The Job Creators Alliance believes that small businesses are the engine of the American economy, creating the majority of all new jobs in recent decades. That’s why the alliance has consistently advocated for small businesses and been the voice of the entrepreneur in the public debate about how we get our economy growing again and jumpstart the American jobs machine.
If small business is the engine of the American economy, then credit is the gas that allows it to accelerate and move forward. Without credit or lending, the dynamic potential of our businesses is dampened and growth is crippled. According to the Small Business Administration’s Office of Advocacy, small businesses rely heavily on bank investment in their projects (aside from the entrepreneur’s own capital) in order to get their enterprises off the ground, averaging about $80,000 a year.

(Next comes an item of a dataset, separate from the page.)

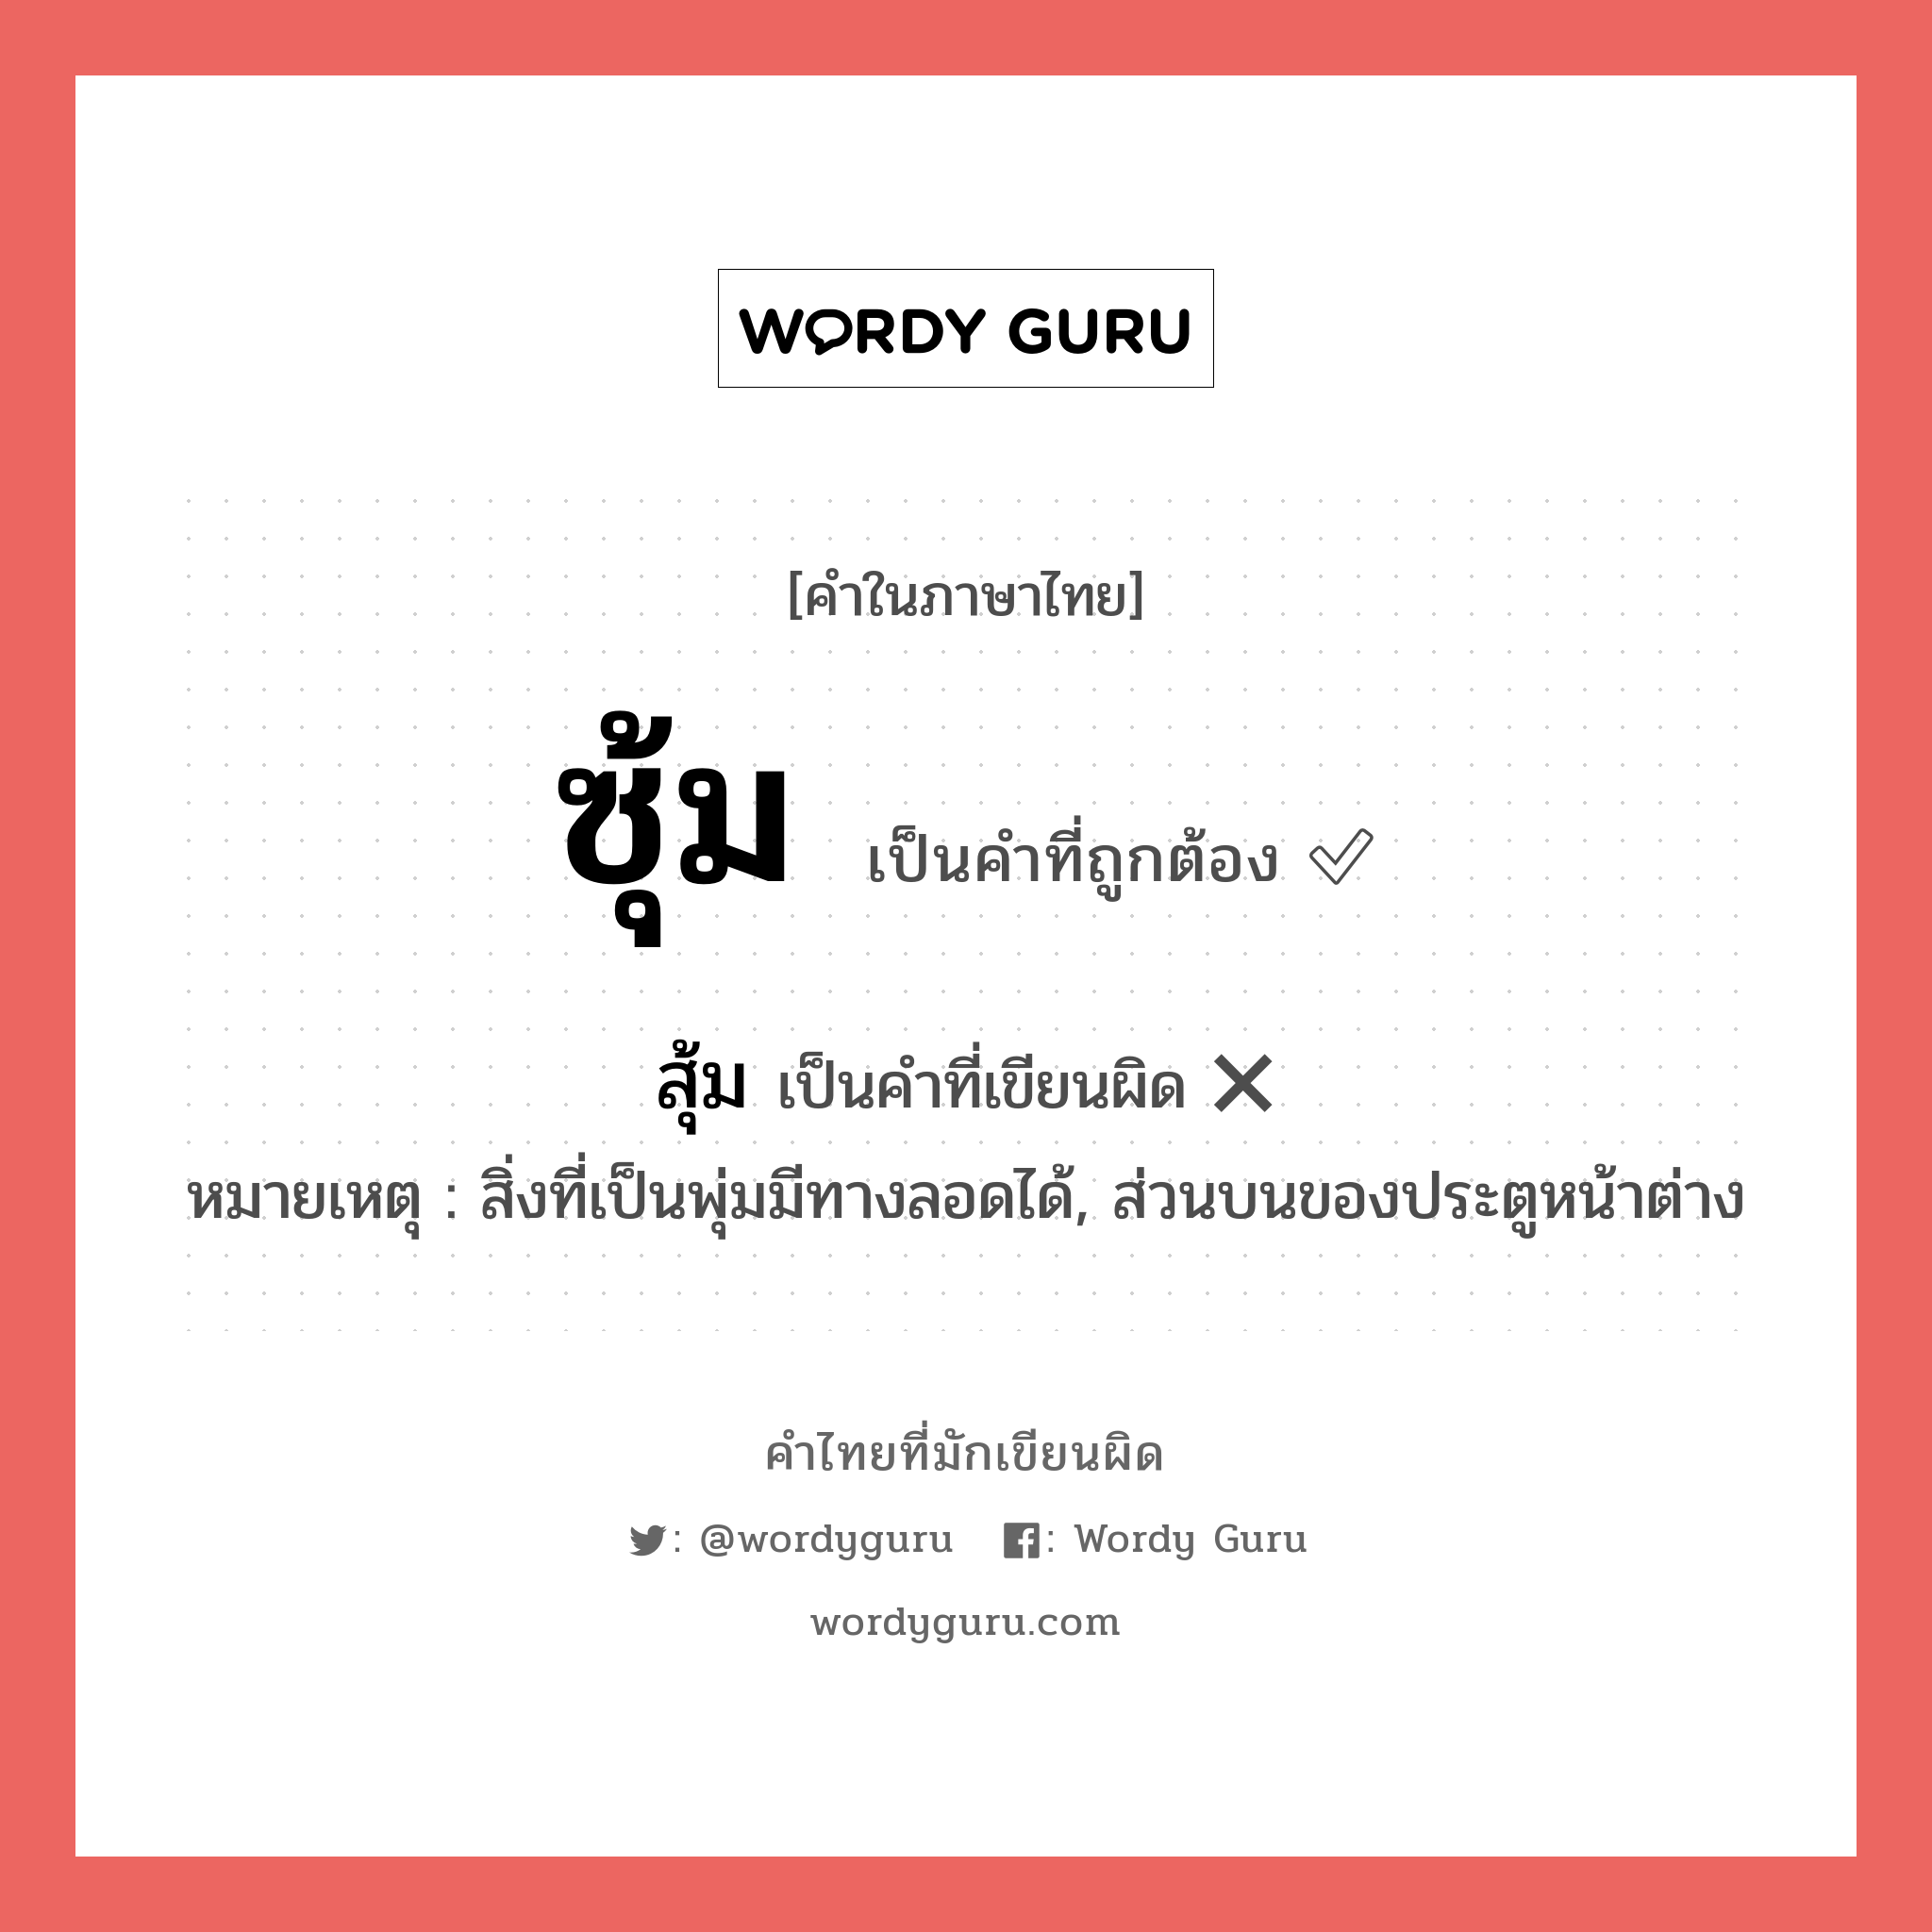 สุ้ม หรือ ซุ้ม คำไหนเขียนถูก?, คำในภาษาไทยที่มักเขียนผิด สุ้ม คำที่ผิด ❌ ซุ้ม หมายเหตุ สิ่งที่เป็นพุ่มมีทางลอดได้, ส่วนบนของประตูหน้าต่าง

Policymakers, business leaders, and entrepreneurs alike all agree on the importance of business lending, yet policy responses to the financial crisis and the Great Recession have made the kind of lending that would get our economy growing again harder, not easier. Essentially, Congress’s response to the financial crisis was to punish banks on Main Street for the bad decisions made on Wall Street–and it has stifled the kind of financing that businesses desperately need to keep the lights on, much less hire more workers. It’s not hard to understand: As federal regulators make it more difficult for banks to give out loans to businesses, job creation grinds to a halt.
As fellow Job Creators Alliance leader John Allison has said on numerous occasions, banks are being forced to deny loans that they would otherwise give for no other reason than federal regulatory requirements–loans that would undoubtedly put more people back to work. This is a problem that has persisted since the financial crisis; in 2009, the Kauffman Foundation found that 89 percent of businesses who were denied loans attributed it to more stringent lending requirements. And it hasn’t gotten any better–just this week, the Federal Reserve’s quarterly survey of senior loan officers found that only 7 percent of banks have eased credit standards for big businesses and none have made it easier for small businesses to borrow .
That’s no way to get an economy growing or jobs created again.
Lending standards are being increased across the board, making it tougher for the real job creators. Standards need not be lowered to improve the environment for small business loans. No one is advocating that banks not exercise reasonable restraint and due diligence. But there needs to be more emphasis on how well local banks are serving local businesses–and so long as banks are only concerned about federal regulators and not about investing in their community, our recovery will continue to sputter.